| WHAT THE TASK REQUIRES |
Please print the line that holds "Tarnished-Frocks-and-divas-Trinity-Wharf-Master-logo-CMYK.jpg" and each line after it to the end of the data, word for word, without any pictures.

*** SOURCE DATA ***

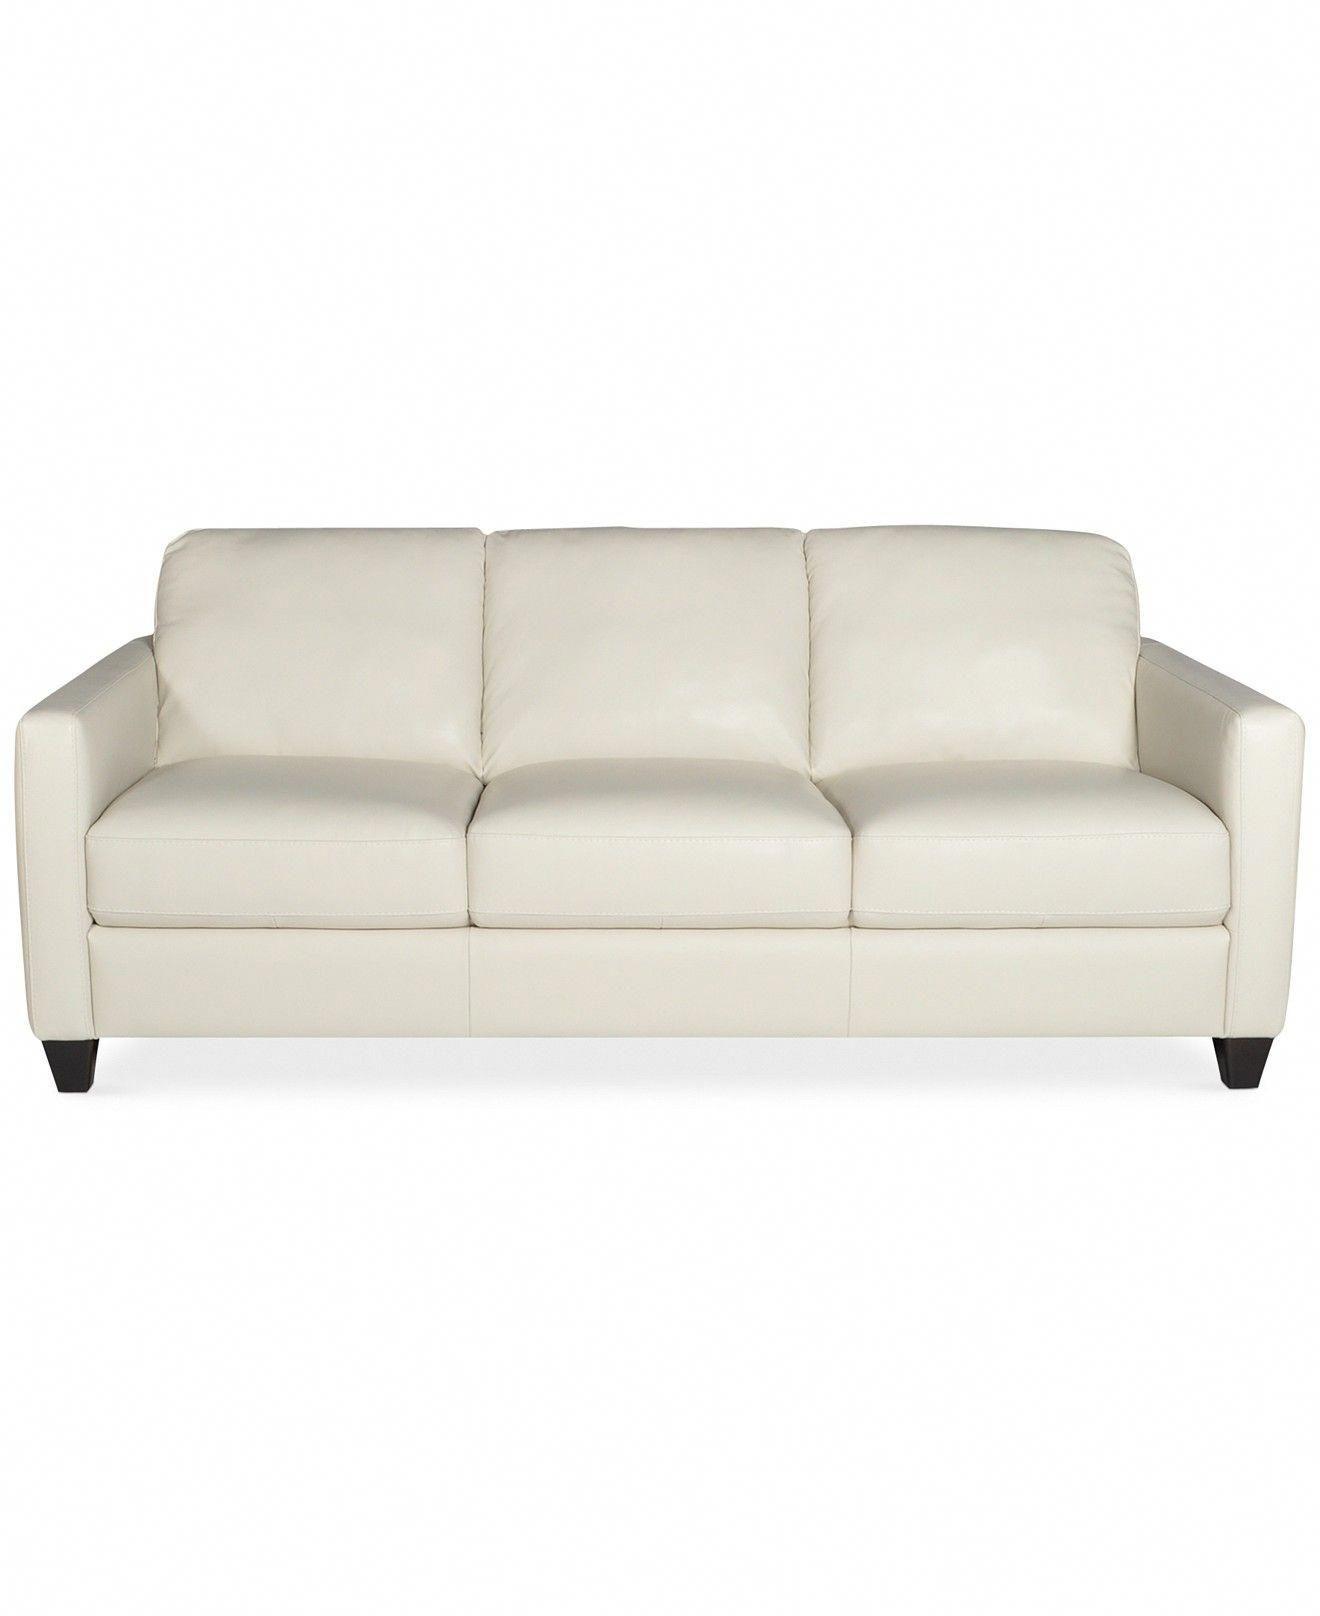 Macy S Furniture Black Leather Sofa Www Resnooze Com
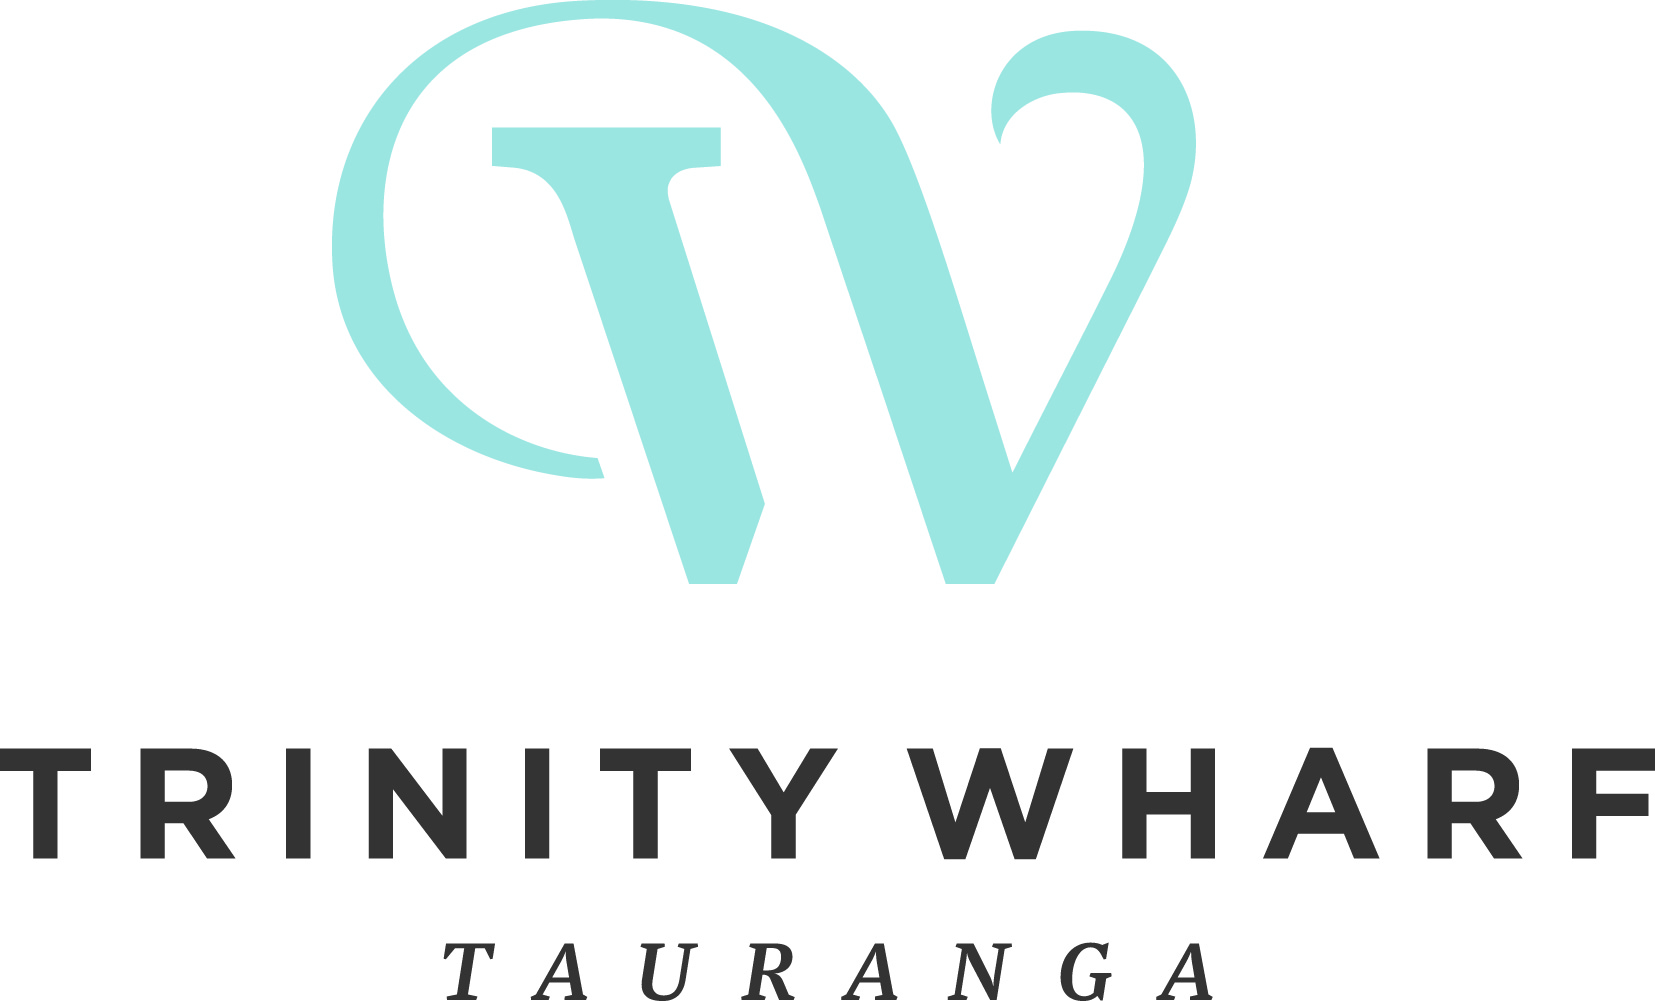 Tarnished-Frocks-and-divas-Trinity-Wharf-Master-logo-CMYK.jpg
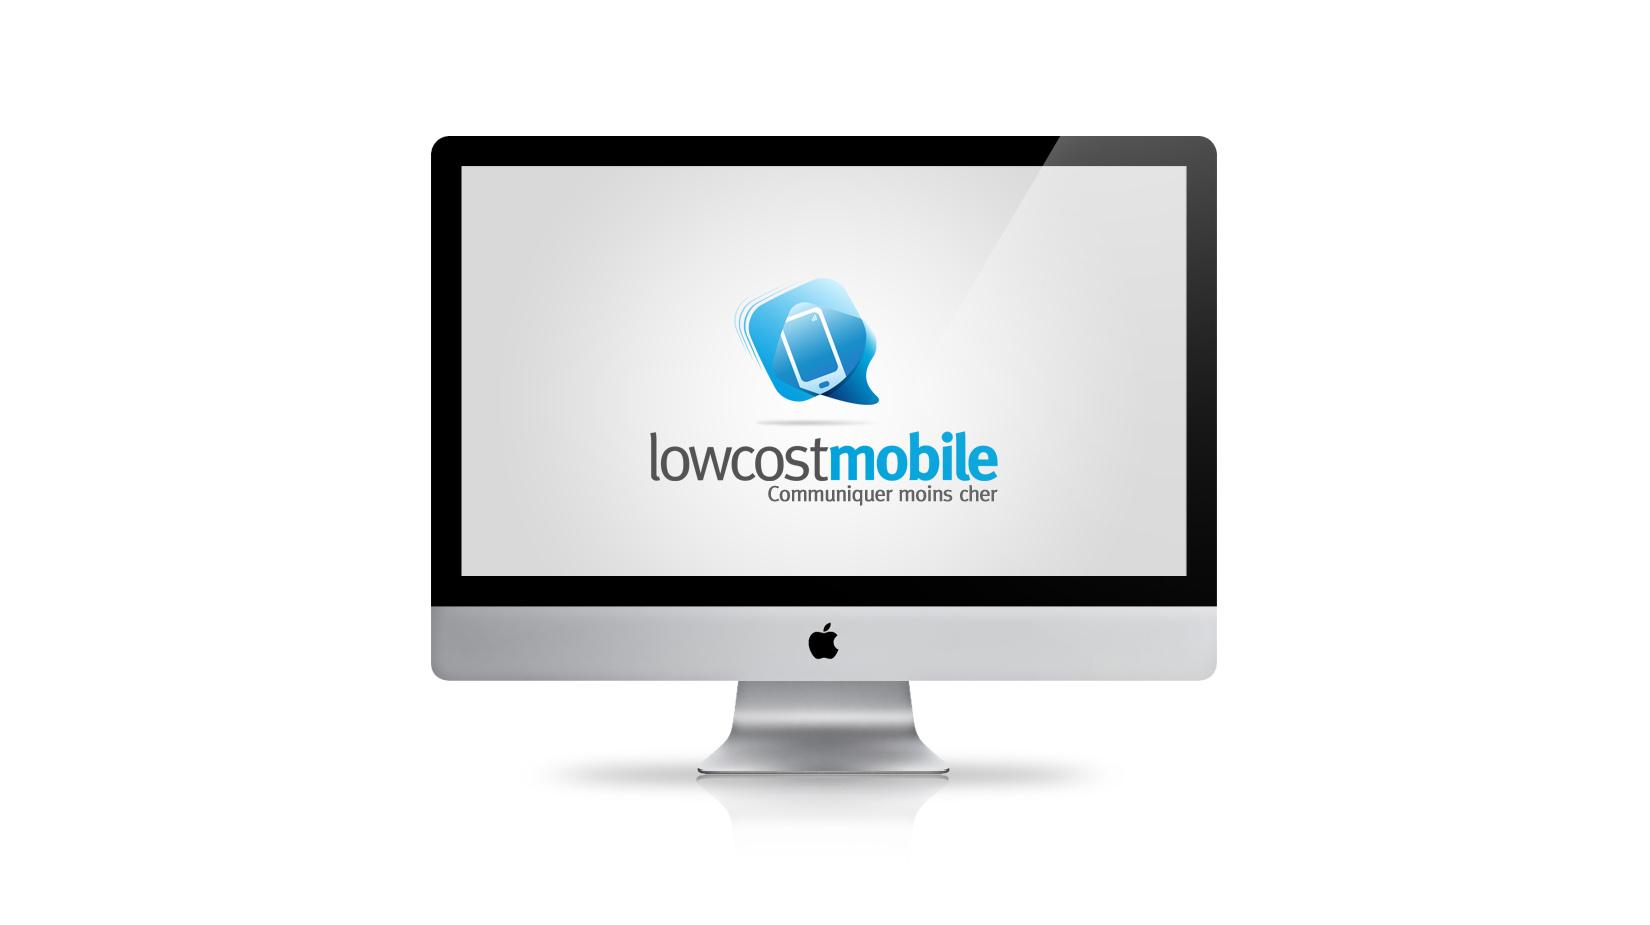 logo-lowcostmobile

*** End of SOURCE DATA ***

| RESPONSE FOR THIS EXERCISE |
 Tarnished-Frocks-and-divas-Trinity-Wharf-Master-logo-CMYK.jpg
 logo-lowcostmobile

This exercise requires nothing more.